Today, we live in a world different from the one that existed before
1948. The dividing line between the Old World and the New World is the
Universal Declaration of Human Rights, which was adopted by the United
Nations on 10 December 1948.
Where, after all, do universal human rights begin? In small places,
close to home—so close and so small that they cannot be seen
on any maps of the world. Yet they are the world of the individual
person; the neighborhood he lives in; the school or college he attends;
the factory, farm or office where he works. Such are the places where
every man, woman and child seeks equal justice, equal opportunity,
equal dignity without discrimination.
—Eleanor Roosevelt
Chair of the UN Commission of Human Rights in 1948
The Universal Declaration of Human Rights incorporates
many of the principles found in all world religions and philosophies.

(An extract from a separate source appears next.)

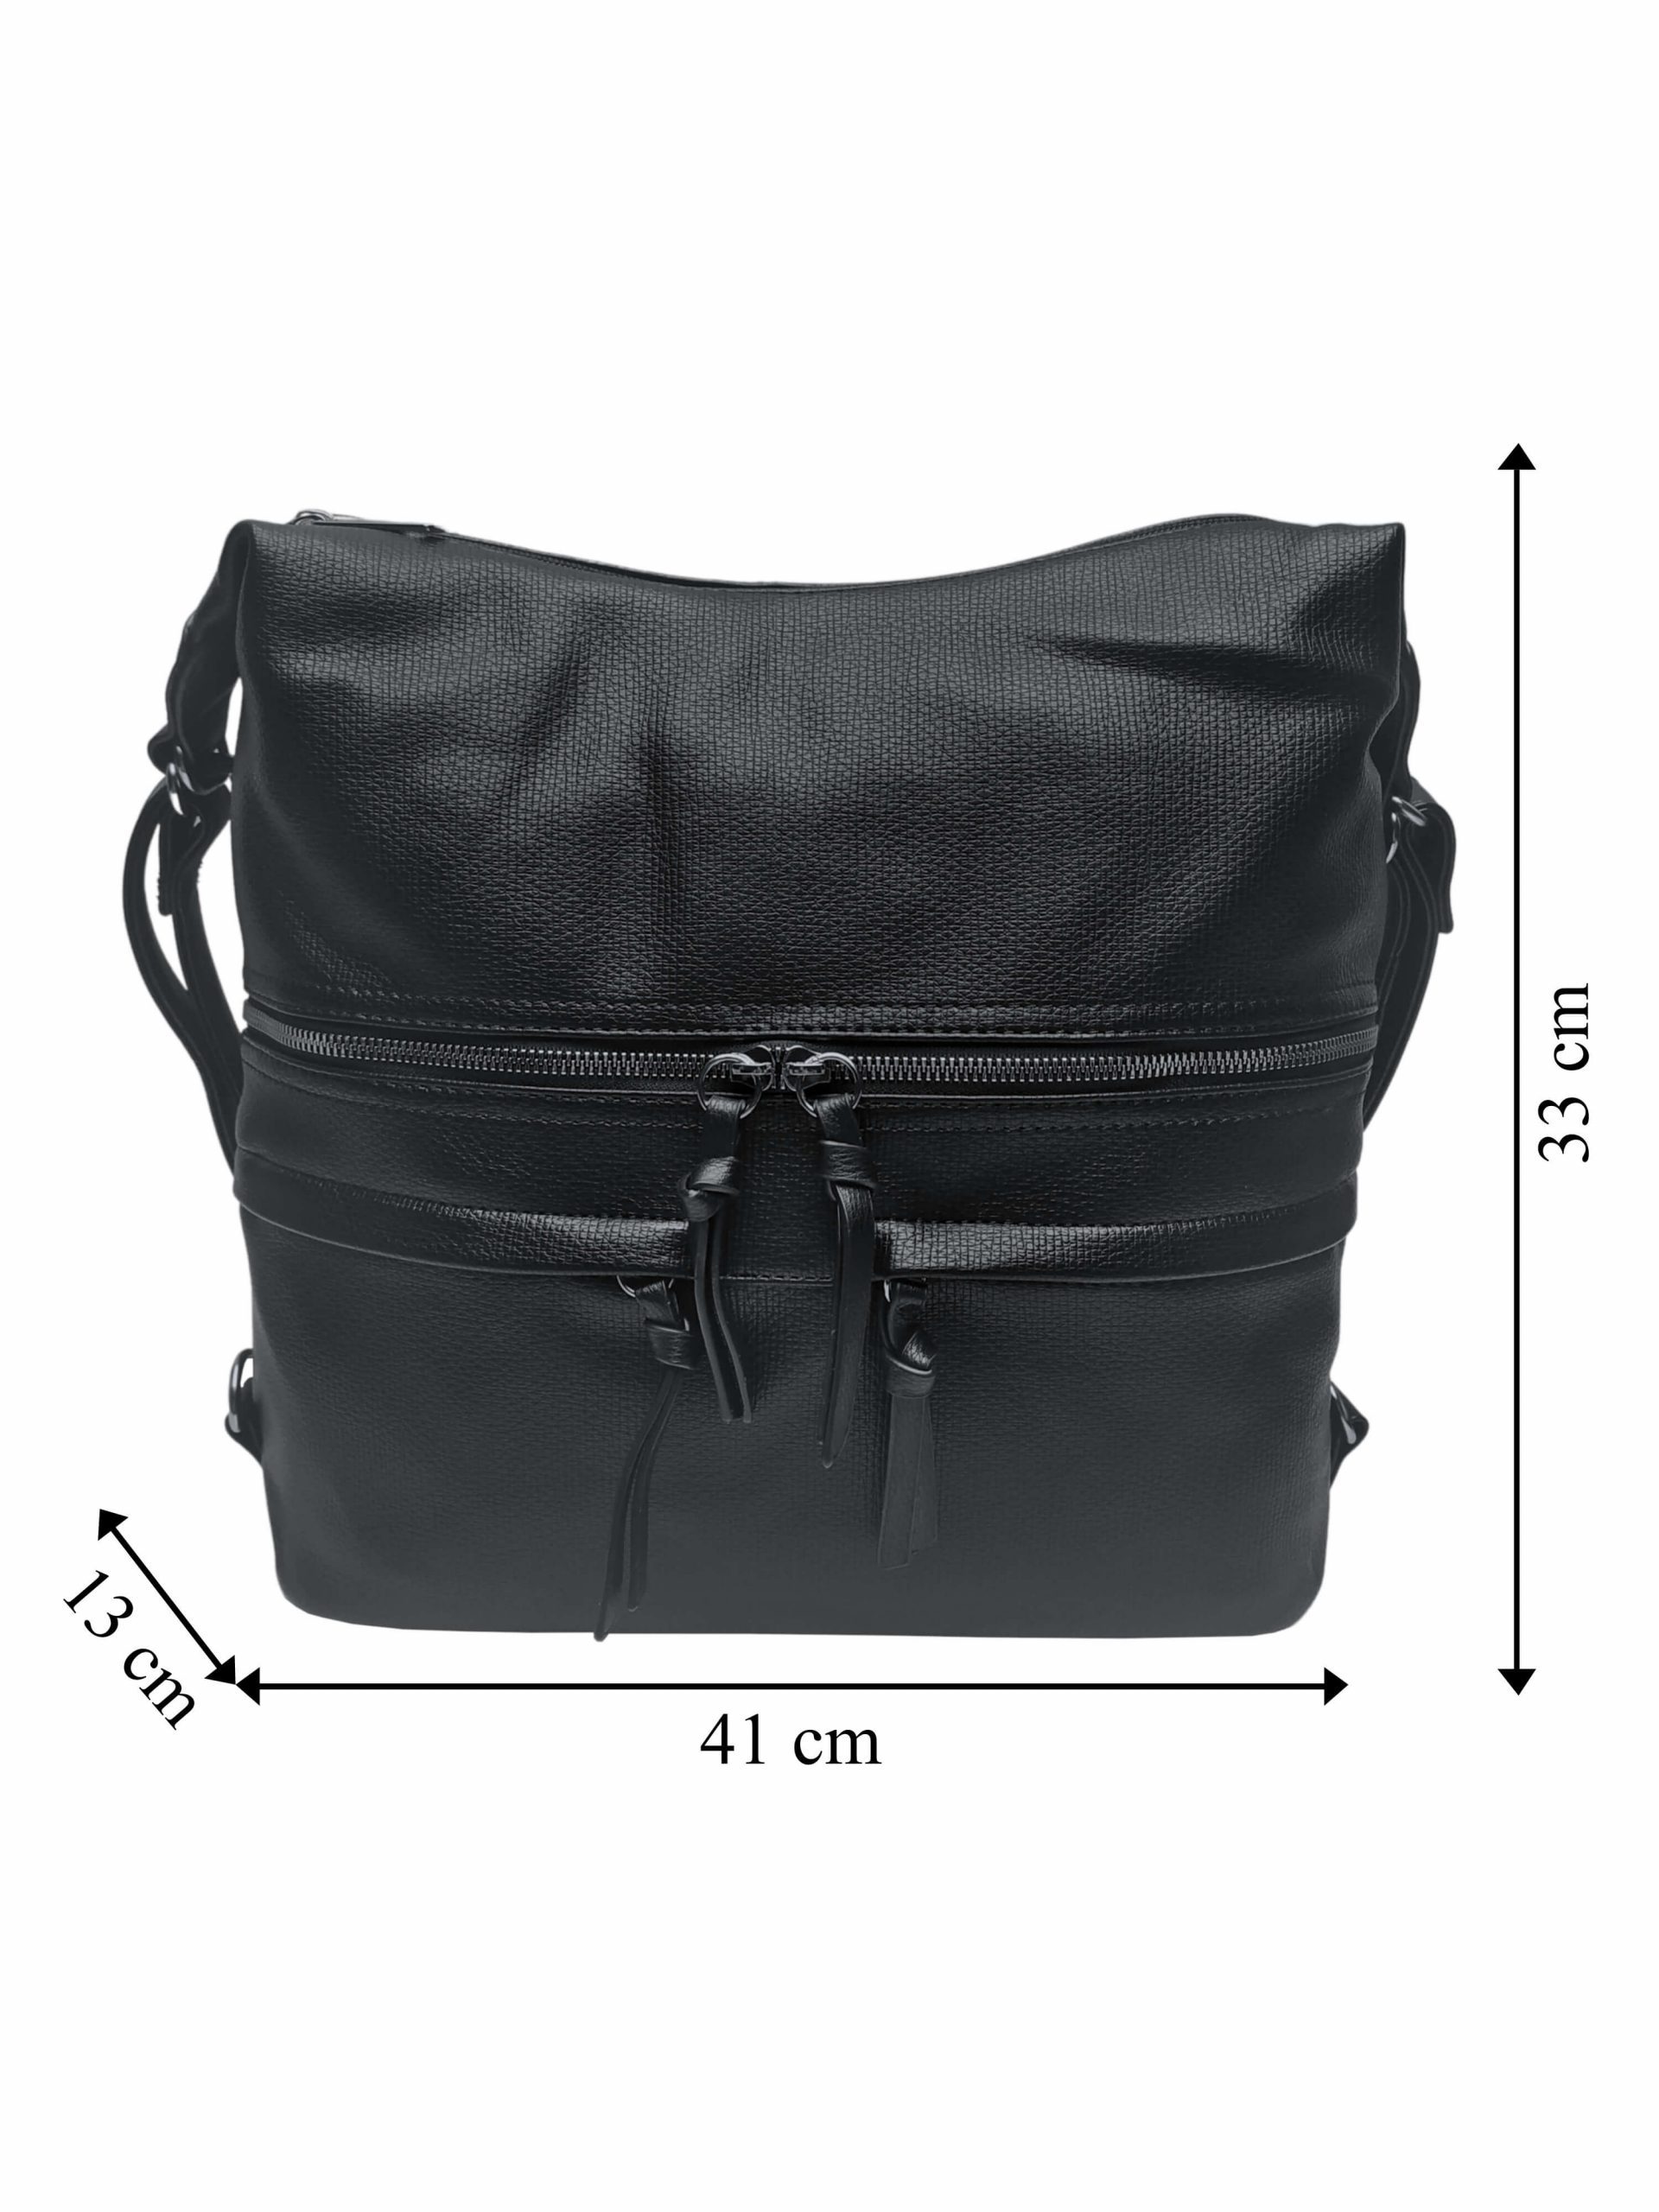 Velký černý kabelko-batoh s kapsami, Tapple, H181175N2, přední strana kabelko-batohu s rozměry

Thus, it serves as a common platform for us all, irrespective of our personal
faith or origins. It is a statement of the different way that, in the
New World, human beings will treat each other, and how they will judge
one another.
The principles of human rights have been translated into international
laws that cover all aspects of human life in times of peace[2] as well as in times of war.[3]

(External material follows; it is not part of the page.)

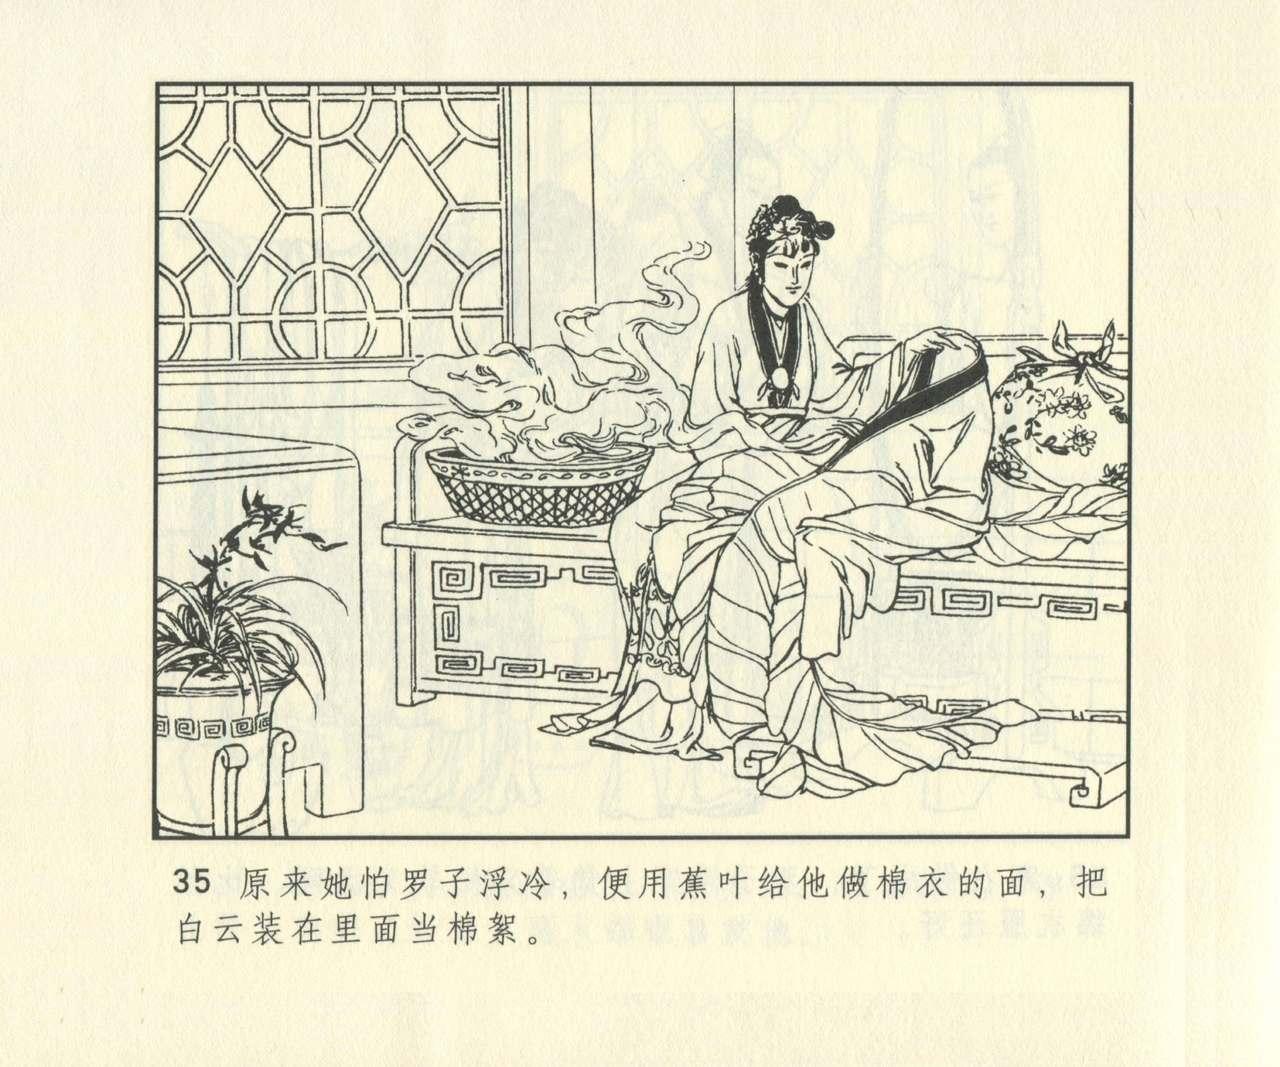 聊斋志异 张玮等绘 天津人民美术出版社 卷二十一 ~ 三十 651

When countries sign these laws, they agree to enforce them at the national
level. And countries that have signed can hold each other accountable
for their adherence to these laws.
Several of these laws and the principles that
underpin them have been applied to the Israeli-Palestinian conflict. Three
resolutions passed by the United Nations are key to moving towards a just
peace: UN General Assembly Resolutions 181 of 1947 and 194 of 1948, and
UN Security Council Resolution 242 of 1967. Implementing these three resolutions
would bring peace to the Middle East. What's more, all the parties to
the conflict—Israel, the Palestinians, the Arab states, and the
United States—accept these three resolutions. Implementing the last
resolution—242—first would immediately end the bloodshed.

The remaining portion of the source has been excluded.